Pemanfaatan teknologi digital yang tidak diimbangi dengan literasi digital yang baik akan berdampak fatal sehingga masyarakat perlu mengetahui kaidah hukum dan kaidah etik dalam penggunaannya.
Terlebih, dengan beragam persoalan yang belakangan muncul seperti anak dan remaja yang kecanduan gawai, judi online, pinjaman online, pornografi, kekerasan di keluarga, perceraian yang meningkat dipicu dan difasilitasi oleh keberadaan digital yang digunakan dengan tidak bijak.
Pengasuhan
Anak-anak yang kecanduan gawai sering kali menunjukkan gejala seperti mudah tersinggung, prestasi akademis yang buruk, dan penarikan diri dari pergaulan yang menyebabkan orang tua menjadi khawatir sekaligus kewalahan dengan fenomena tersebut.

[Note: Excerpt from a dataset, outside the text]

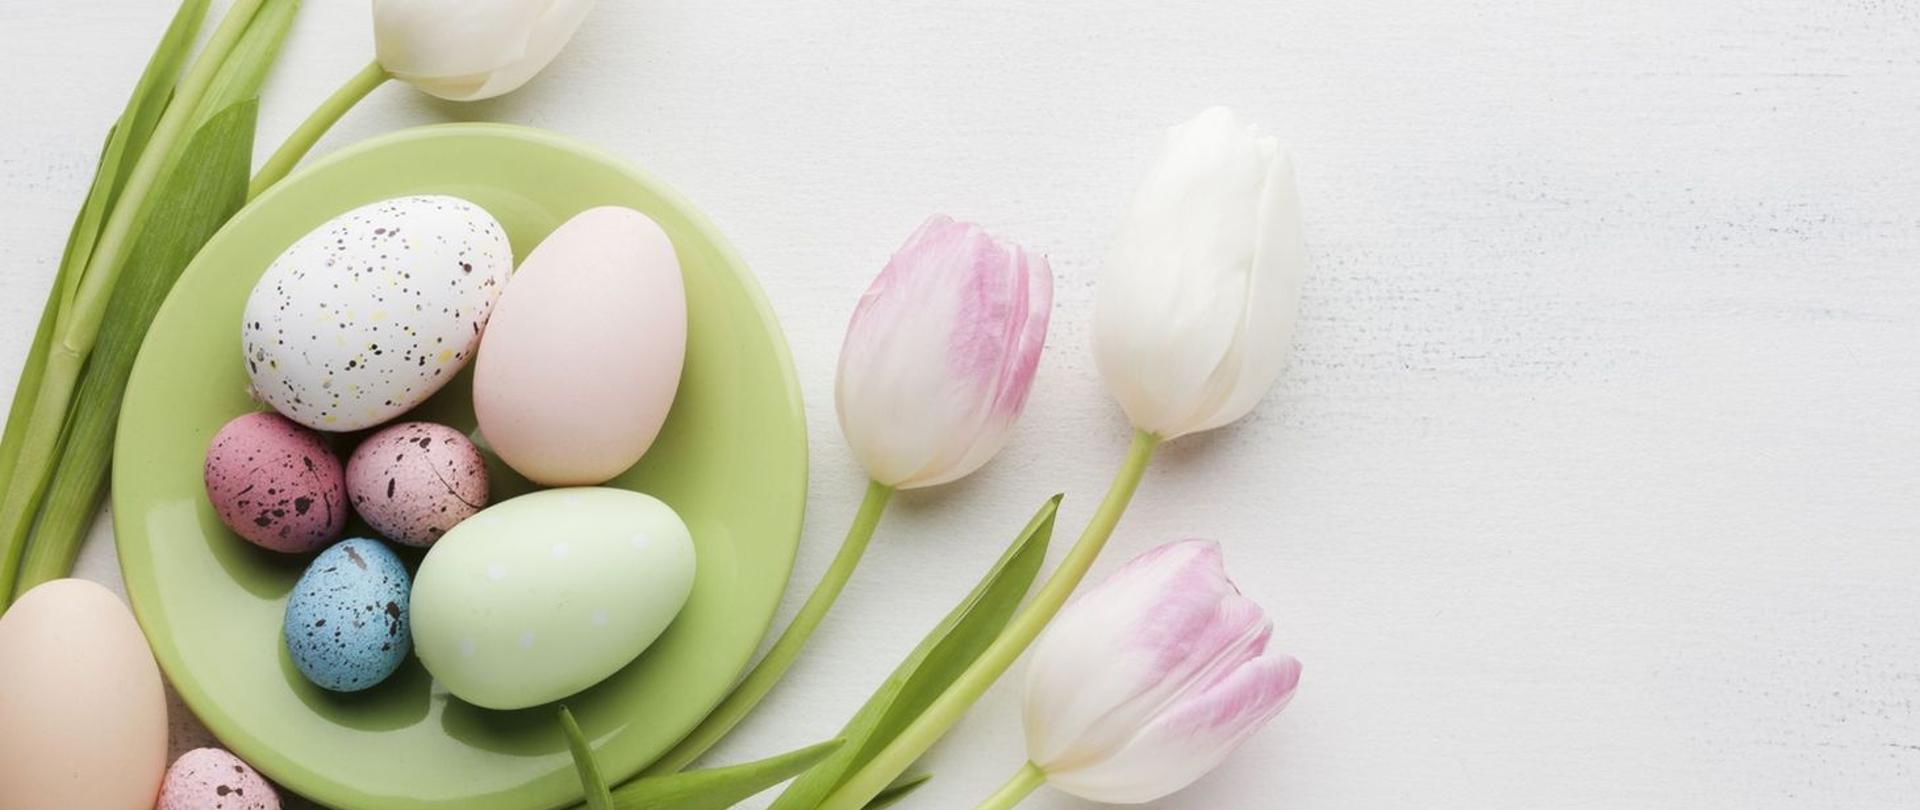 obraz przedstawia dekorację świąteczną (wielkanocną . Na dole po prawej na zielonym talerzu ułożone kolorowe jajka wokół dekoracja z tulipanów.

Anak-anak dan remaja yang terpapar gawai mengalami kebosanan karena kehilangan kontak dengan alam dan teman sebaya. Anak dan remaja kecanduan seolah terkurung dengan penemuan kehidupan modern itu dengan terjebak terus menatap layar yang berlebihan.
Terkait dengan fenomena penggunaan gawai di kalangan anak-anak, Dana Anak Perserikatan Bangsa-bangsa (UNICEF) menyoroti tentang pentingnya "basic parenting" yang wajib dijalankan orang tua untuk melindungi anaknya di era digital.
Spesialis Perlindungan Anak UNICEF Indonesia Astrid Gonzaga mengatakan "basic parenting", merupakan teknik pengasuhan anak yang mengutamakan kedekatan hubungan antara orang tua dan anak sebagai dasar hubungan di dalam keluarga.
Basic parenting melibatkan orang tua dengan memberi contoh kebiasaan teknologi yang sehat dengan memberikan prioritas interaksi tatap muka, menciptakan zona bebas teknologi di rumah, seperti di meja makan atau ruang keluarga untuk meningkatkan ikatan dan komunikasi keluarga.
Selain itu, orang tua dan orang dewasa di sekeliling anak terlibat dalam pengawasan mengatur waktu dan batasan pilihan menu berselancar di dunia maya sebagai bagian dari pola asah asih asuh di era digital.
Pentingnya menjaga anak di era digital juga berkaca dari semakin meningkatnya kasus kekerasan di ruang siber kepada anak. Dalam studi UNICEF pada 2022 tercatat bahwa setengah juta anak pernah dilaporkan menjadi korban perlakuan salah atau eksploitasi di ranah daring. Bahkan dari 56 persen pengalaman berbahaya itu tidak pernah terungkap atau dilaporkan.
Dalam evaluasi UNICEF bekerja sama dengan Kementerian Pemberdayaan Perempuan dan Perlindungan Anak (KemenPPPA) pada 2023 terkait kebiasaan anak mengakses gadget dari tiga wilayah di Indonesia yaitu Jawa Tengah, Jawa Timur, dan Sulawesi Selatan diketahui anak-anak di tiga wilayah tersebut memiliki kebiasaan mengakses gadget lima jam dalam sehari dan akses itu diberikan di dalam rumah.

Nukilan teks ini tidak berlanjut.